Exercises week 3: What are Digital Methods?

1. Install Tableau Desktop

Students are given a license for this software.

2. Open the DAMD data in Tableau

What shape is the data? What variables are there? Is the data complete, or are there missing values somewhere? How is the phenomenon represented? What is the data even about?

3. How is the data distributed over time?

Create a histogram over the years. What new insight is gained to the data? What are we looking at? What is this thing called "time"?

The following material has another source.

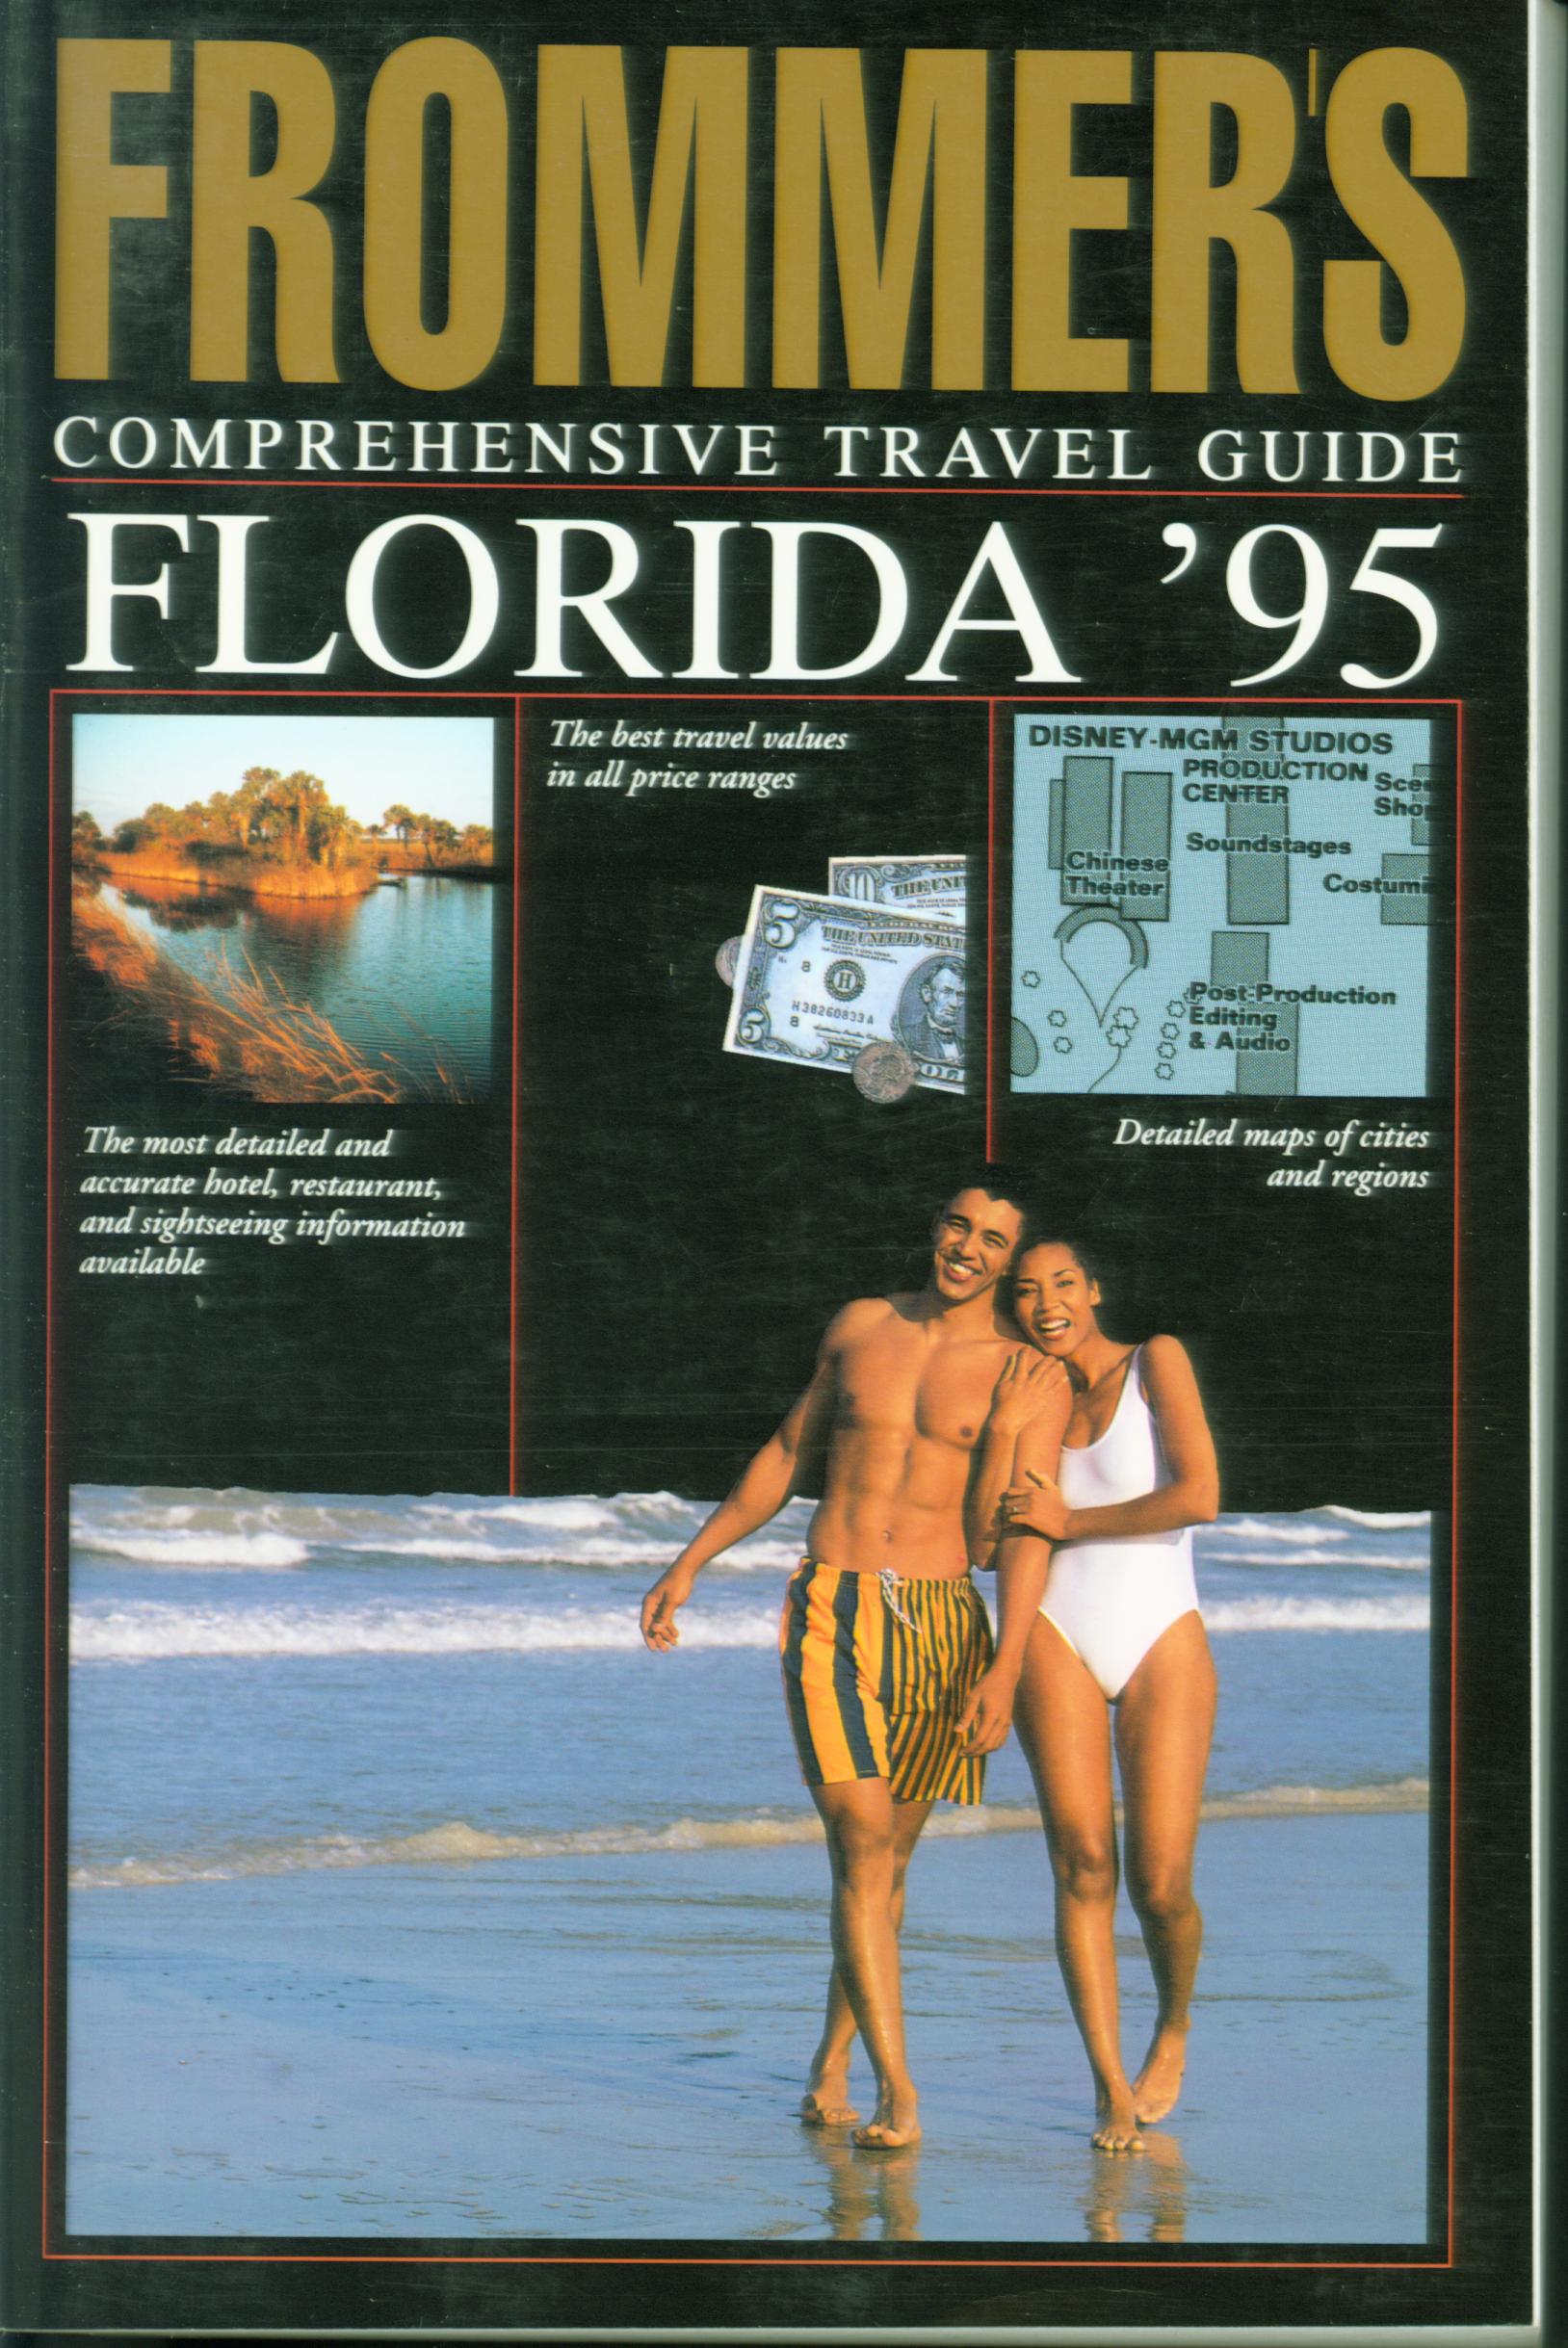 FROMMER'S COMPREHENSIVE TRAVEL GUIIDE: Florida '95. 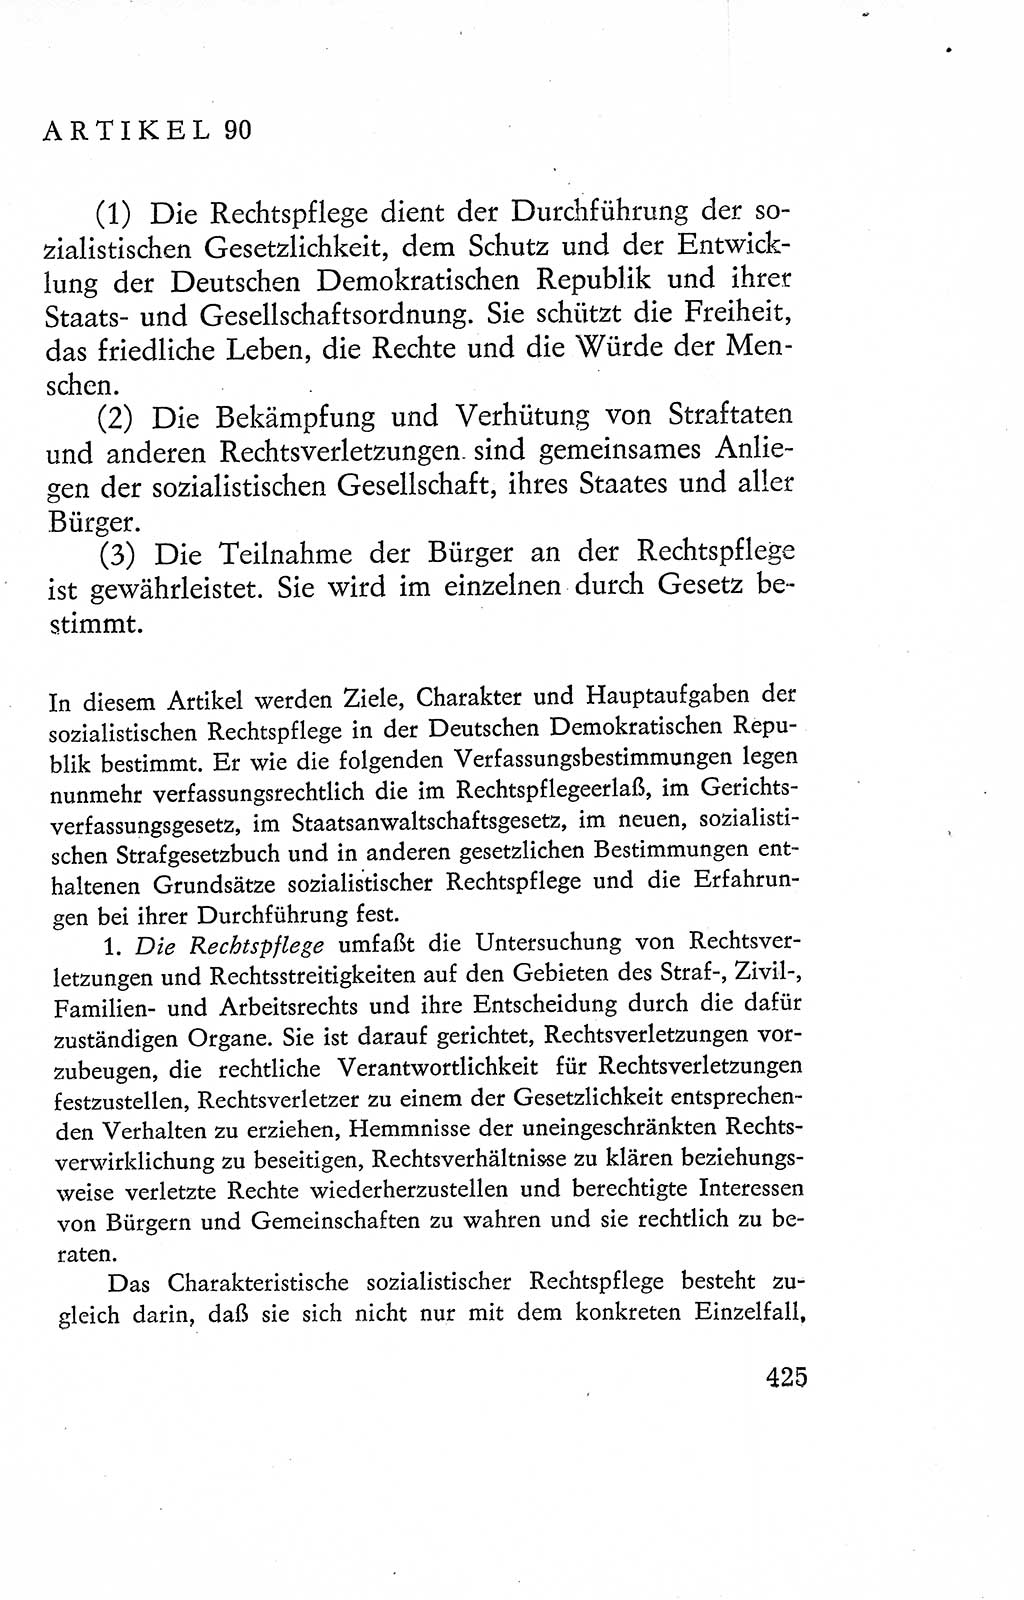 Verfassung der Deutschen Demokratischen Republik (DDR), Dokumente, Kommentar 1969, Band 2, Seite 425 (Verf. DDR Dok. Komm. 1969, Bd. 2, S. 425)

3.1 A reproduction with Python

To demonstrate programming, similar visualization can be produced computationally. Can you follow the steps and get a general idea what the steps are?


In [3]:
import pandas as pd
%matplotlib inline

Open the data file


In [4]:
damd = pd.read_csv("20170718 hashtag_damd uncleaned.csv")
damd.columns


Out[4]:
Index(['Unnamed: 0', 'tweet_id', 'user_id', 'user_name', 'reply_to_id',
       'created', 'message', 'geodata', 'place_id', 'place_type', 'place_name',
       'place_country', 'language', 'retweet_count', 'hashtags',
       'user_mentions_name', 'user_mentions_id', 'urls', 'media_id',
       'media_type', 'media_url'],
      dtype='object')

Let's look at the created variable.


In [5]:
damd['created'].head(3)


Out[5]:
0    Thu Jul 13 07:33:03 +0000 2017
1    Mon Sep 05 16:13:07 +0000 2016
2    Sun Feb 05 06:04:58 +0000 2017
Name: created, dtype: object

Looks like dates, great. Let's set the data type.


In [13]:
damd['created'] = pd.to_datetime(damd['created'])
damd['created'].head(3)


Out[13]:
0   2017-07-13 07:33:03
1   2016-09-05 16:13:07
2   2017-02-05 06:04:58
Name: created, dtype: datetime64[ns]

Let's group the data by year, and plot the count of items per year as a vertical barchart.


In [30]:
damd['created'].groupby(by=damd['created'].dt.year).count().plot.bar(figsize=(5, 6), title="Tweet activity over years").grid(True, axis="y")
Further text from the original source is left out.